PDF.js has a multi-layer architecture that separates concerns between PDF parsing, rendering, and UI:

#### 1. Core Layer (`src/core/`)
The core layer handles PDF parsing and interpretation. Key responsibilities:
- **PDF parsing**: Parsing PDF structure, cross-reference tables, streams
- **Font handling**: CFF, TrueType, Type1 font parsing and conversion (`font.js`, `fonts.js`, `cff_*.js`, `type1_*.js`)
- **Image decoding**: JPEG, JBIG2, JPX/JPEG2000 decoders
- **Operators**: Processing PDF drawing operators (`operator_list.js`, `evaluator.js`)
- **XFA Forms**: XML Forms Architecture support (`src/core/xfa/`)
- **Color spaces**: ICC profiles, device color spaces (`colorspace.js`, `icc_colorspace.js`)
- Runs in a Web Worker for performance isolation

Entry point: `src/pdf.worker.js`

#### 2. Display Layer (`src/display/`)
The display layer provides the API for rendering PDFs to canvas and managing documents.

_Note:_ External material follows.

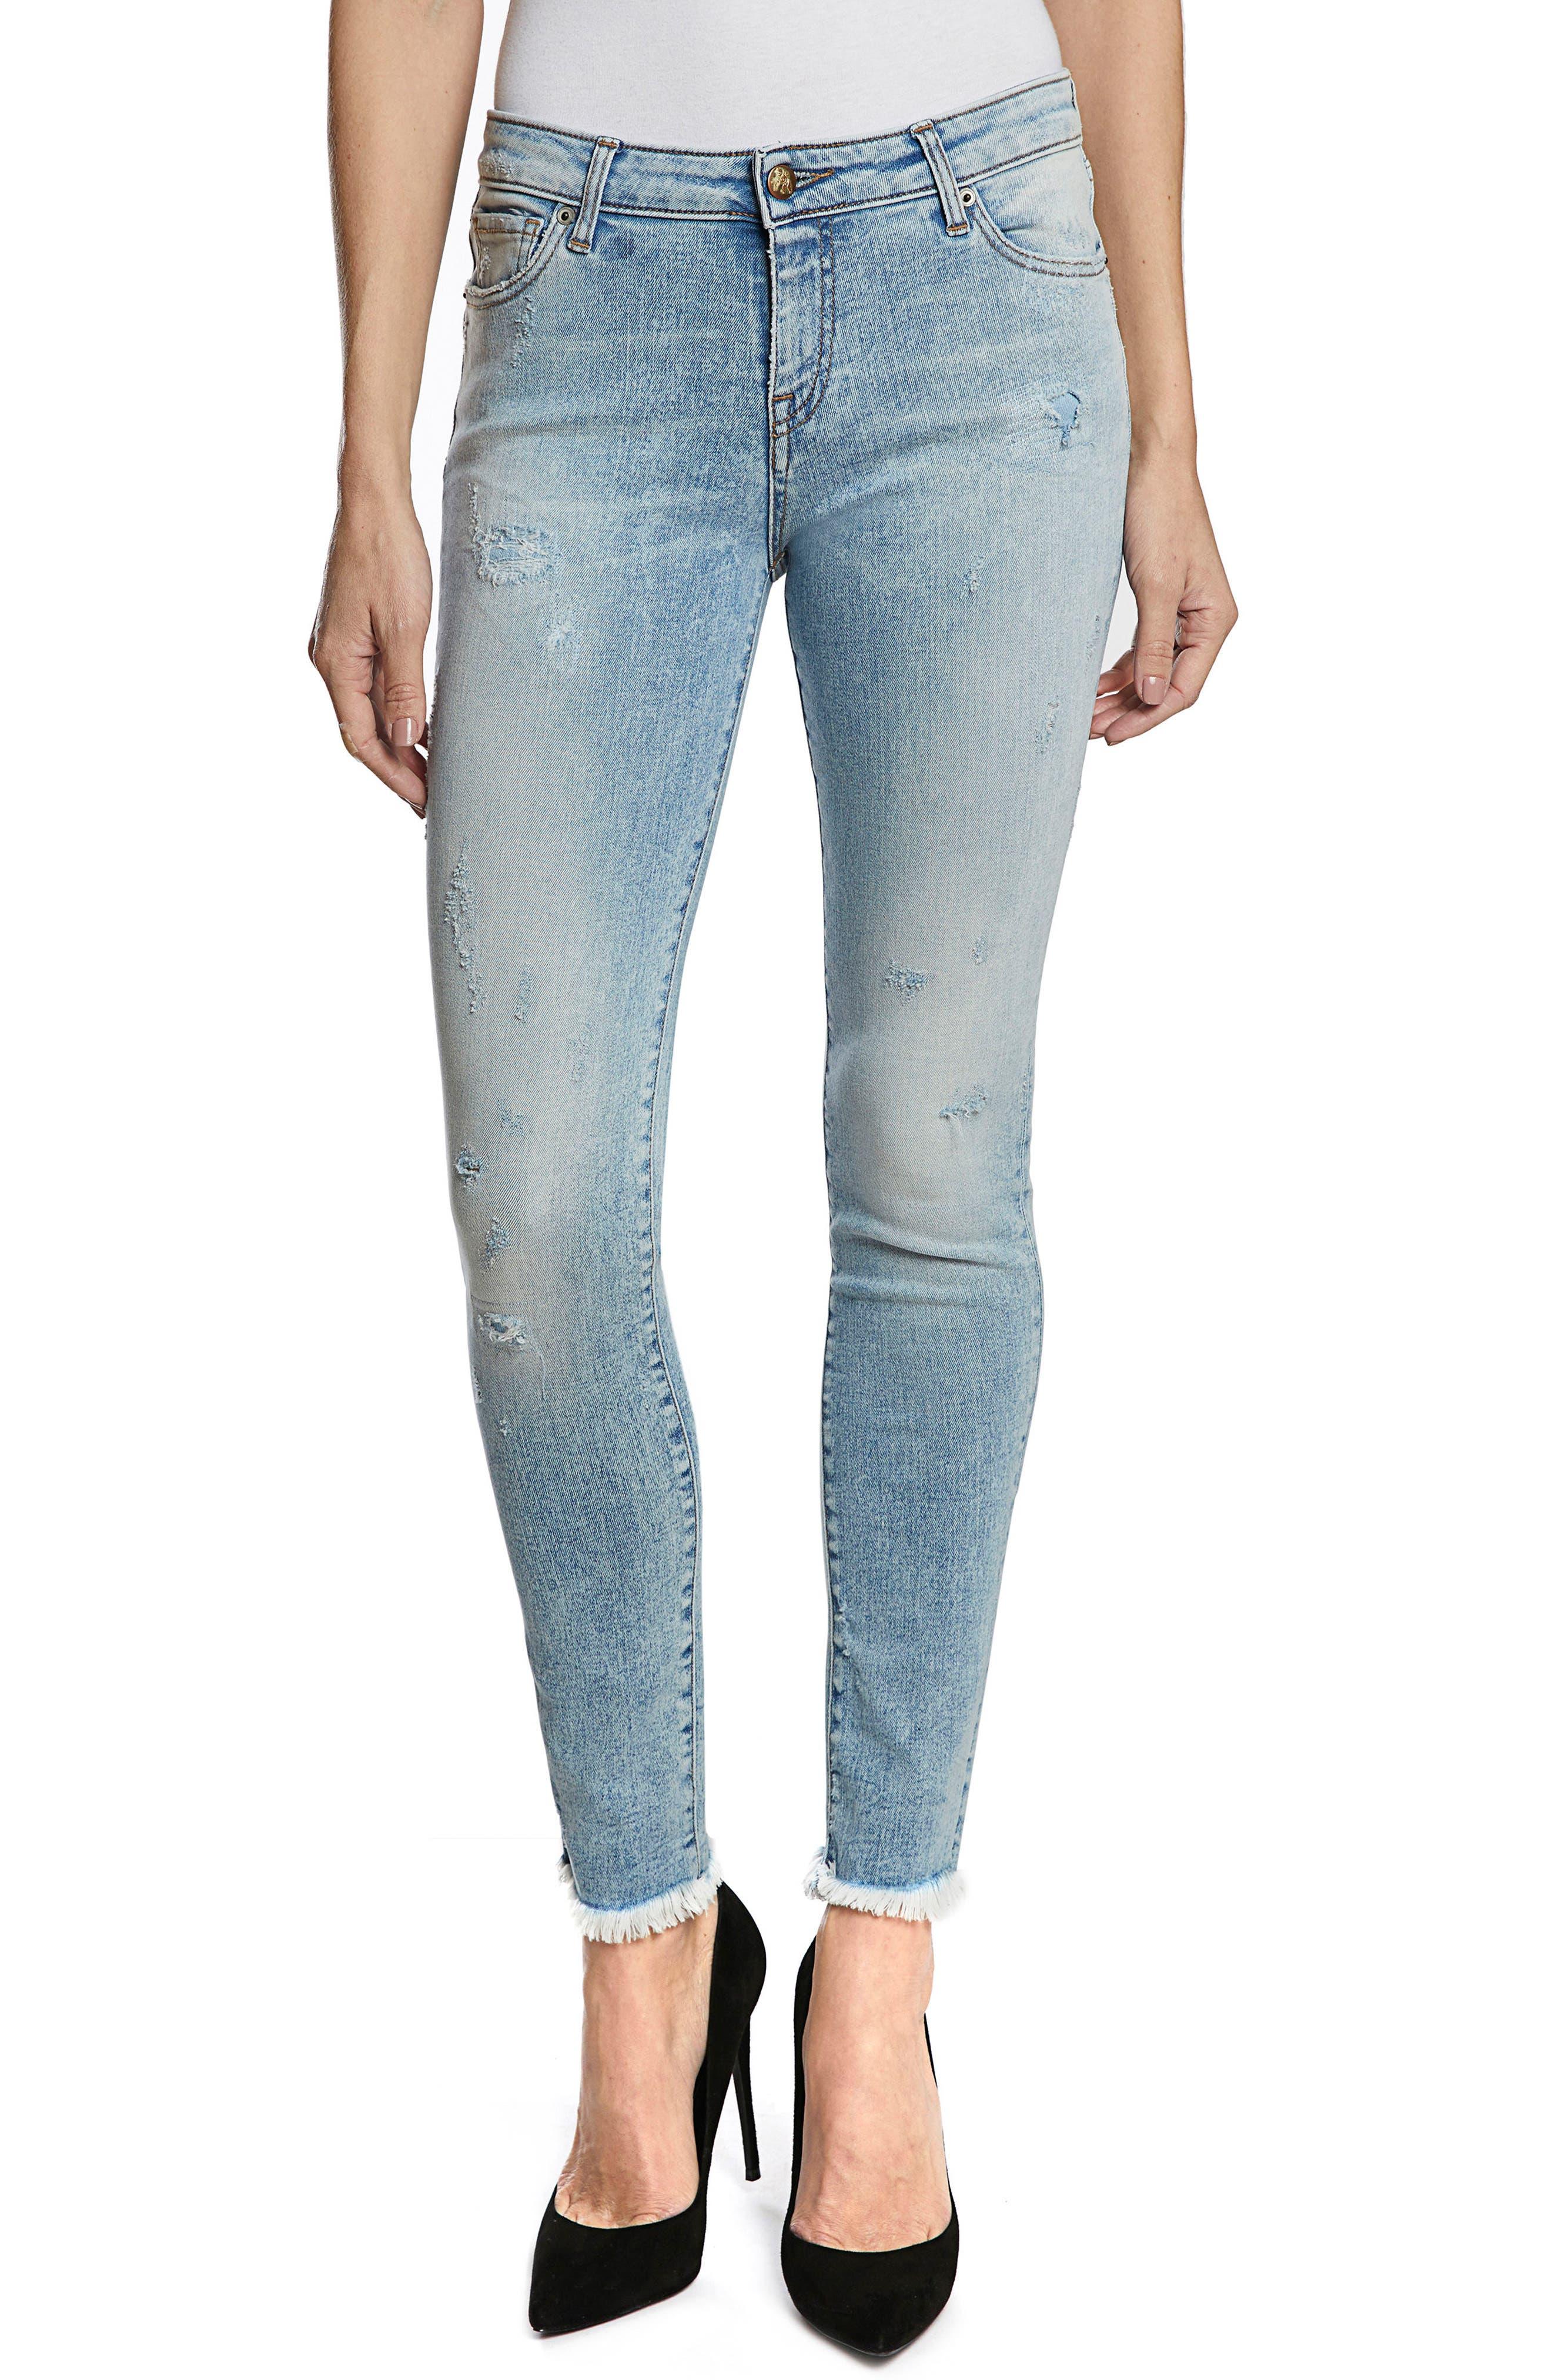 PRPS Camaro Ankle Skinny Jeans, Main, color, 490

Key components:
- **API**: Main public API (`api.js`) - `PDFDocumentProxy`, `PDFPageProxy`, `getDocument()`
- **Canvas rendering**: Renders PDF operations to HTML5 canvas (`canvas.js`)
- **Text layer**: Extracts and positions text for selection/search (`text_layer.js`)
- **Annotation layer**: Renders and handles PDF annotations (`annotation_layer.js`)
- **Editor layer**: Supports PDF editing (annotations, highlights, stamps) (`editor/`)
- **Metadata**: Parses XMP metadata (`metadata.js`)
- **Streams**: Handles PDF data fetching (fetch, network, node) (`fetch_stream.js`, `network.js`, `node_stream.js`)

Entry point: `src/pdf.js`

#### 3. Scripting Layer (`src/scripting_api/`)
Implements JavaScript execution for interactive PDFs (form calculations, validations, button actions).
- Sandboxed execution environment
- Implements Acrobat JavaScript API objects (App, Doc, Field, etc.)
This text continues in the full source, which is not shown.